» WORK ITEM:
Could you repeat the entries below exactly, but only from the line with "For my birthday" through the line with "This month is", and without any picture?

» TASK MATERIAL:
———

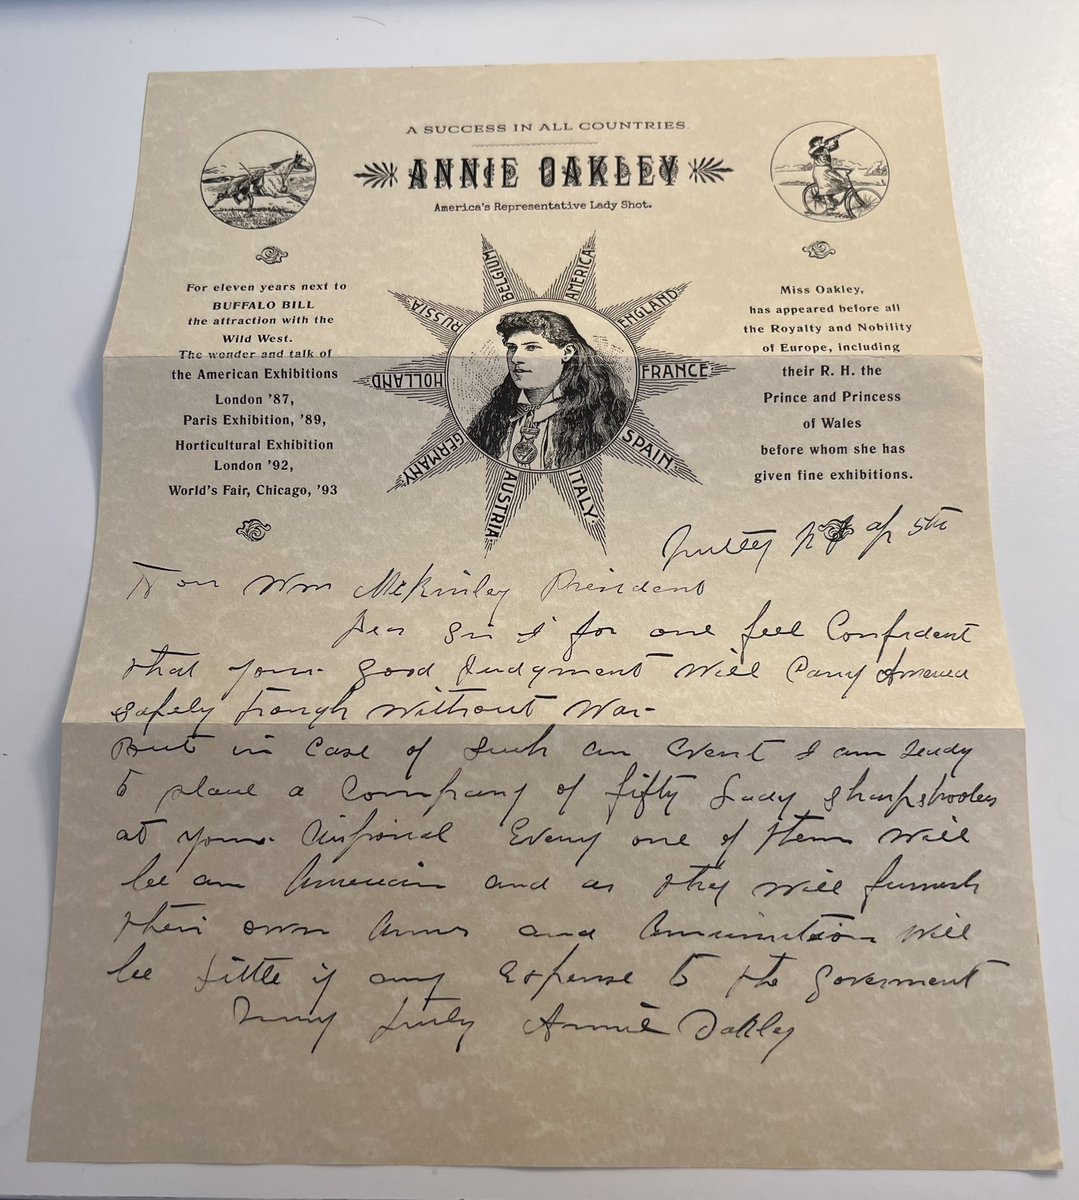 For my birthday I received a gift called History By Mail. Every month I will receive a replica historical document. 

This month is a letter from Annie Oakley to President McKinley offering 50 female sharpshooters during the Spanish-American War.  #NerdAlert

———

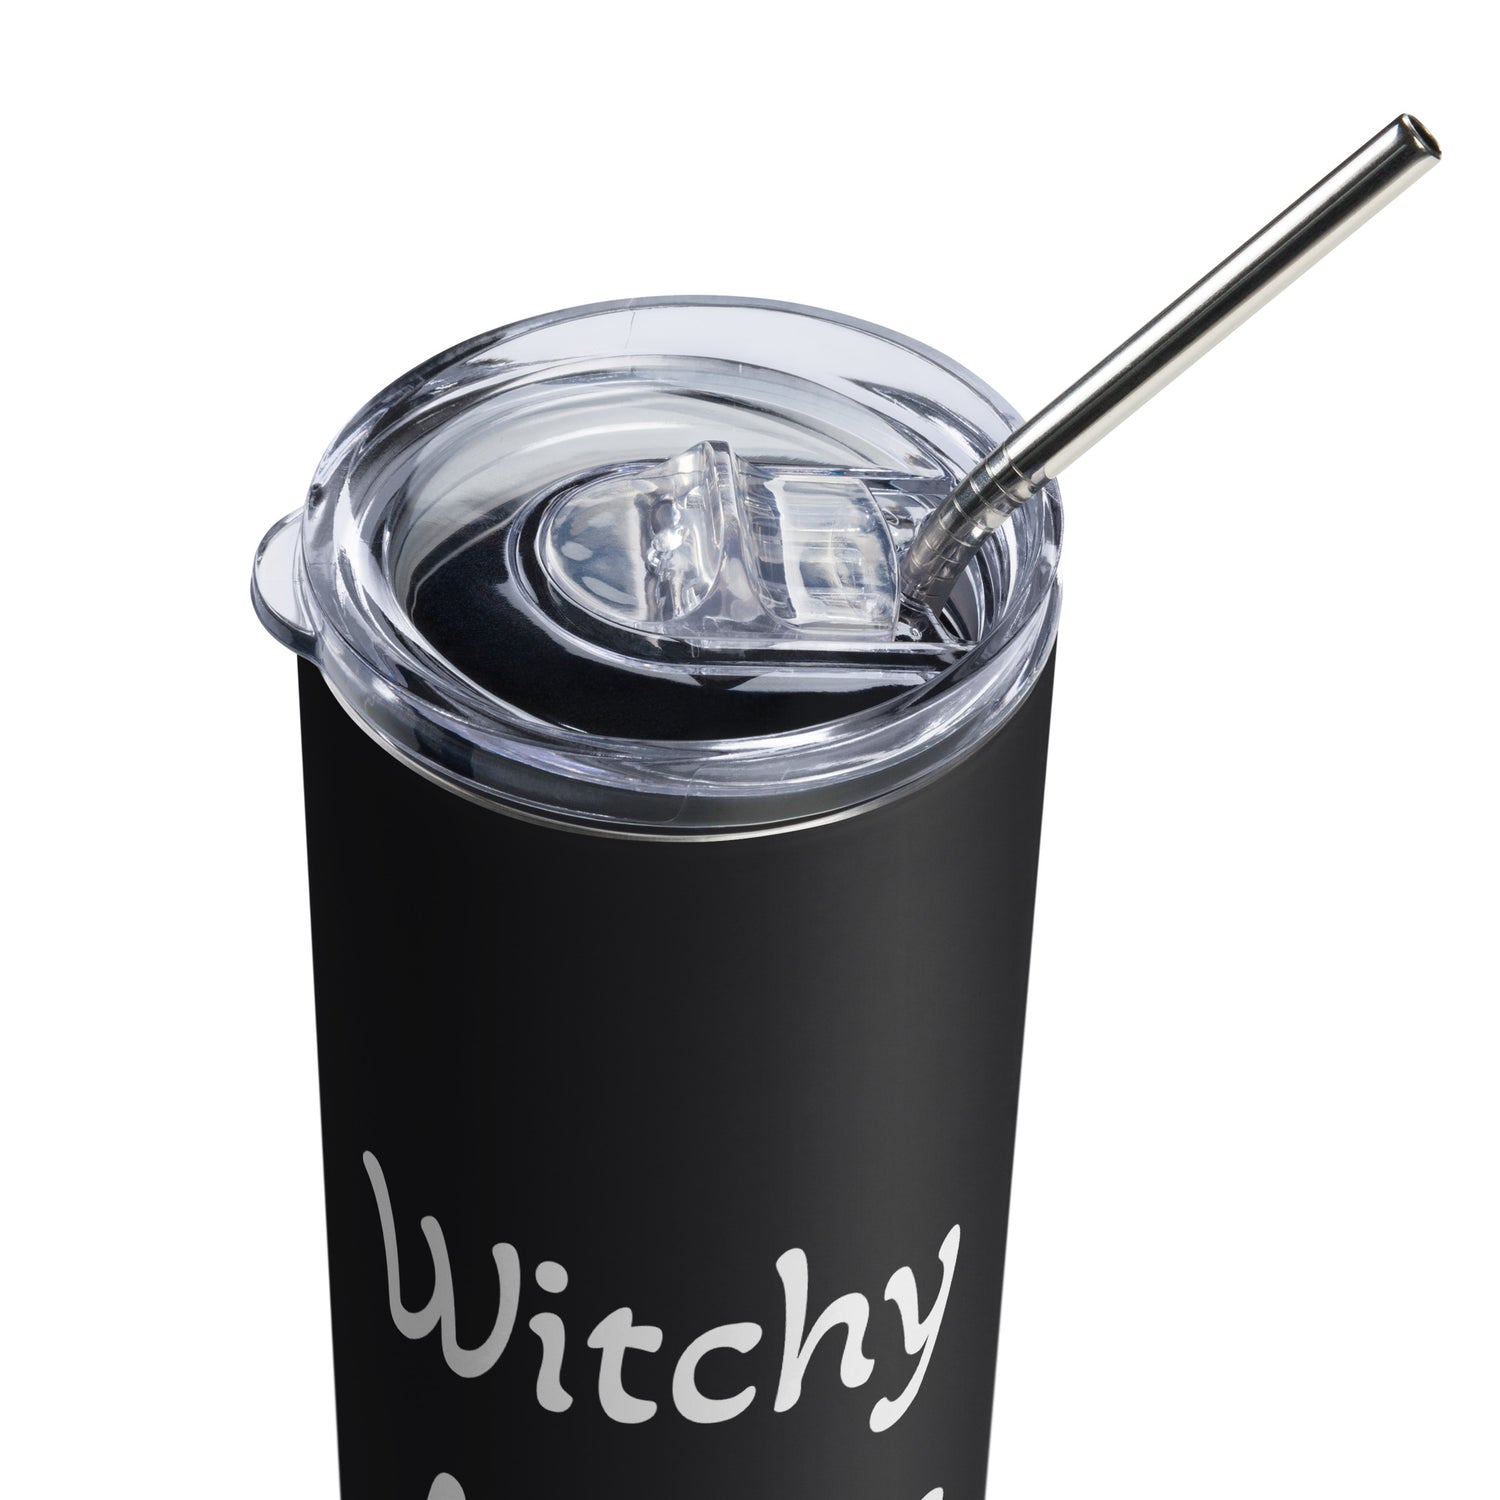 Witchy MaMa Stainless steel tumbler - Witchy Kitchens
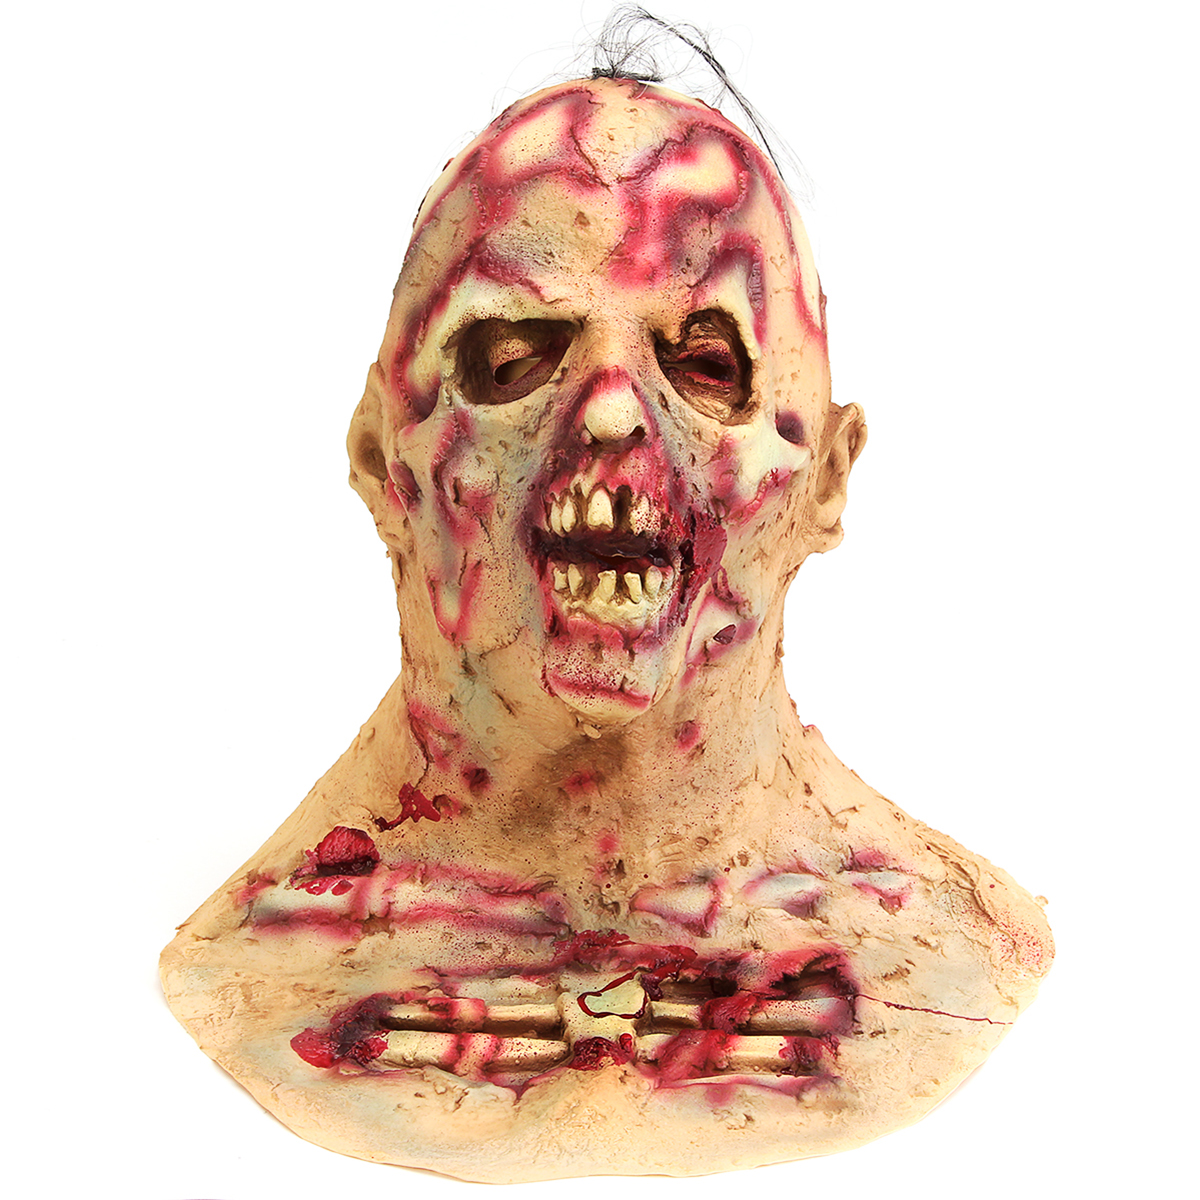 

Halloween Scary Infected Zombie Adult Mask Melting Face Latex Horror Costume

———

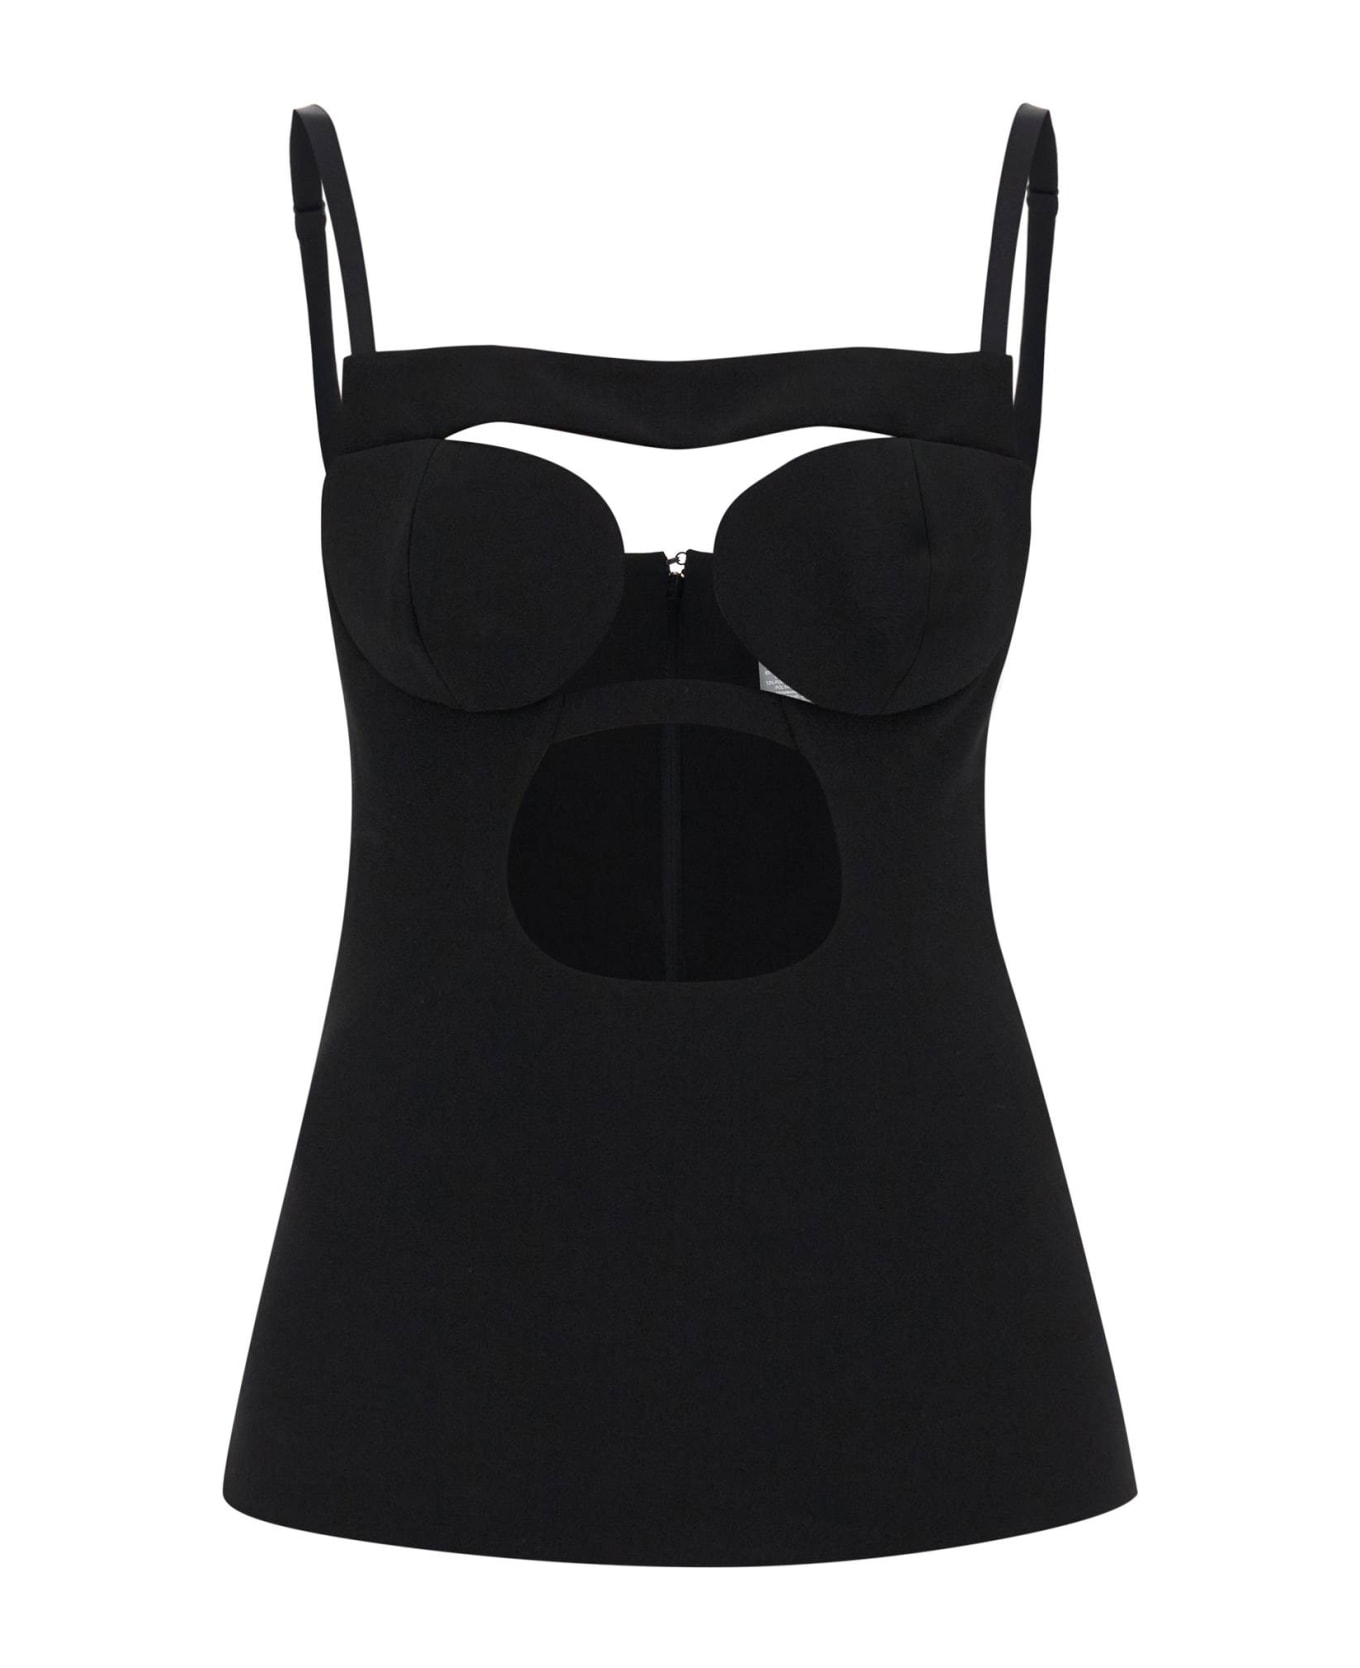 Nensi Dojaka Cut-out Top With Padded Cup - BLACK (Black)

———

» EXERCISE OUTPUT:
 For my birthday I received a gift called History By Mail. Every month I will receive a replica historical document. 

This month is a letter from Annie Oakley to President McKinley offering 50 female sharpshooters during the Spanish-American War.  #NerdAlert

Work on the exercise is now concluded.